Real-Time PCR for Quantification of Cell Engraftment
An additional cohort of newborn mice (n = 11) received 2 × 105 glial precursor cells in 2 μl DMEM, injected into the lateral ventricle, unilaterally. At 2, 4, and 8 weeks after injection mice were euthanized by CO2 and the brain was separated into left and right olfactory bulb, left and right cerebral hemisphere, and midbrain and cerebellum.
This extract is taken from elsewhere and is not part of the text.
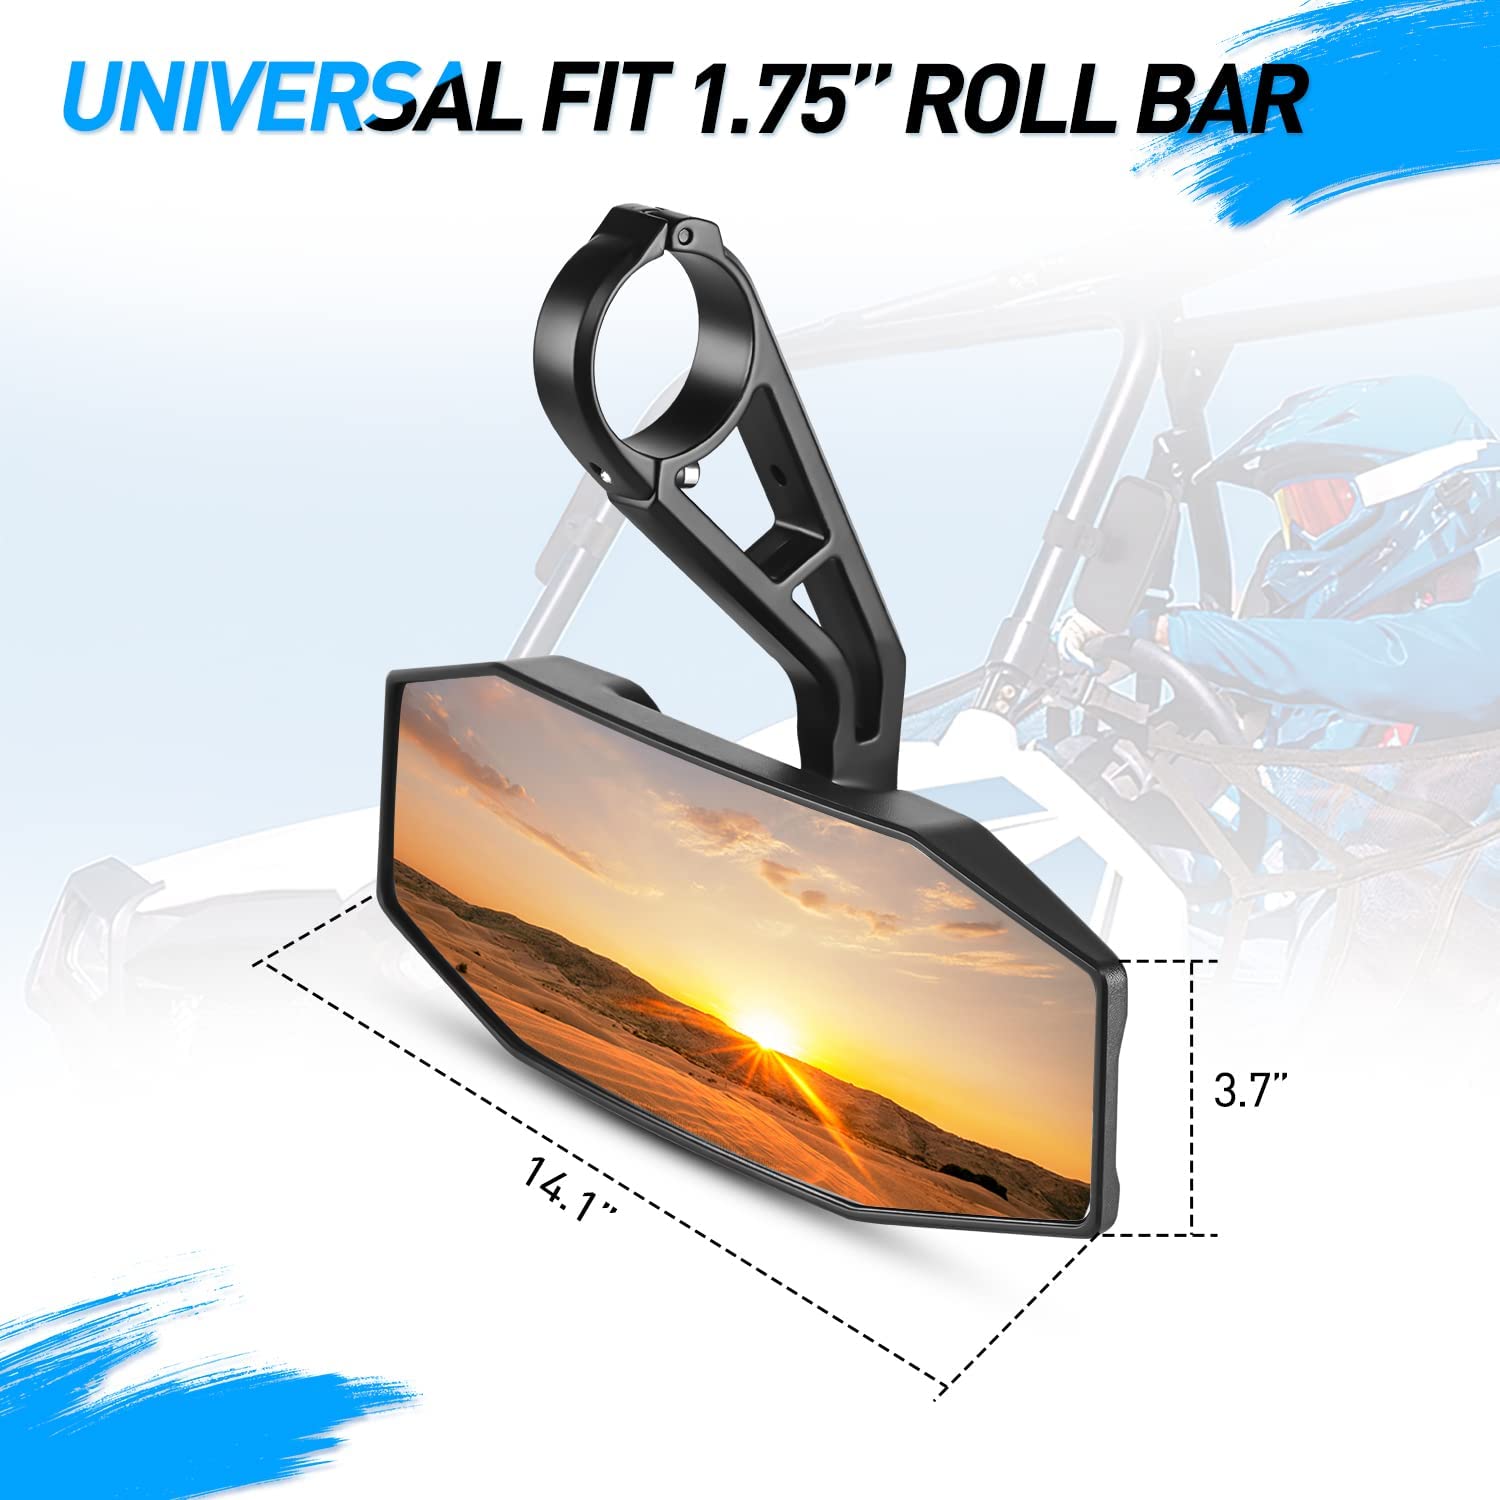 Rear View Center Mirror Compatible with RZR for 1.75” Roll Bar, Wide angle UTV rearview mirror Compatible with 2015-2023 Polaris general RZR Ranger 570/900/1000 XP, Arctic Cat Wildcat #2881540

Homogenized brain samples were treated with RNase A (20 μg/ml) and then digested overnight in proteinase K (100 μg/ml). Genomic DNA was prepared by phenol/chloroform (1:1) extraction.
PCR reactions were performed in a volume of 50 μl and contained 25 μl of Universal PCR Master Mix (Applied Biosystems), 900 nM forward and reverse primers, 250 nM TaqMan probe, and 500 ng of target template. Reactions were incubated at 50°C for 2 min, 95°C for 10 min, and then amplified for 40 cycles. Each cycle was comprised of an incubation step at 95°C for 15 s followed by 60°C for 1 min. Standard curves were generated by serially diluting genomic DNA prepared from NS21 cells into DNA prepared from murine brain. The sequence of the PCR primers and probe used for detection of the human sulfamidase insert were as follows: forward PCR primer, 5′-ccacaatgagctgtgaccat-3′; reverse PCR primer, 5′-gacacgtgtgggatgtgtct-3′; TaqMan probe, 5′-FAM-cctgtgcacacatcccaggca-TAMRA-3′.
Reverse Transcriptase PCR Quantification of Sulfamidase Expression
Reverse transcriptase PCR was carried out to determine whether there was any change in the level of human sulfamidase mRNA expression during the process of differentiation of NS21 ES cells into glial precursors. Cells were harvested on day 0 and day 24 of the differentiation protocol and RNA was extracted using Trizol (Invitrogen). RNA (2 μg) was used in reverse transcription. The PCR mixture was: 1x PCR Master's mix with 1.5 mM MgCl2, 200 μM dNTP mix, 200 nM forward primer, 200 nM reverse primer, 2 U Taq DNA polymerase, 2 μl cDNA from first-strand reaction. The PCR cycles included: 96°C for 2 min, followed by 35 cycles of 94°C for 30 s, 55°C for 30 s, and 72°C for 30 s. The PCR was finished with a 72°C incubation for 5 min. The forward primer sequence for the human sulfamidase mRNA was: 5′-ACCAAGGAGTTGGACTGGTG-3′. The reverse primer sequence for the human sulfamidase mRNA was: 5′-CCAGTGAGGTGGATGGTCTT-3′. The forward primer sequence for the β-actin mRNA was: 5′-GGTCATCACTATTGGCAACG-3′. The reverse primer sequence for the β-actin mRNA was: 5′-ACGGATGT CAACGTCACACT-3′.
Results
Characterization of Sulfamidase-Expressing NS21 ES Cells
C57BL/6 ES cells were transfected with the vector pCAGrhNSIpuro (19). Antibiotic-resistant clones were propagated and characterized to identify stably transfected clones. When the level of sulfamidase activity from each of the transfected ES cell clones was examined, a range of activity levels was observed from 7.4-fold to 41.1-fold increased levels in cell lysates and from 4.5fold to 16.4-fold increased levels in conditioned medium (Fig. 1). The highest expressing clones were differentiated to ensure in vitro culture behavior and differentiation equivalent to untransfected cells. Clones exhibiting normal in vitro characteristics were then karyotyped. Clone NS21 was selected for further characterization; although this karyotypically normal clone expressed only moderately high levels of sulfamidase (11.9-fold untransfected levels in cell lysate and 6.1-fold untransfected levels in conditioned media), all other higher expressing clones examined were found to be karyotypically abnormal and/or they responded abnormally during in vitro differentiation (e.g., cells did not form embryoid bodies in a similar fashion to untransfected cells or failed to produce outgrowths of mature neural cells). Cultures derived from untransfected cells (Fig. 2A) were found to differentiate in a similar fashion to those derived from NS21 cells (Fig. 2B).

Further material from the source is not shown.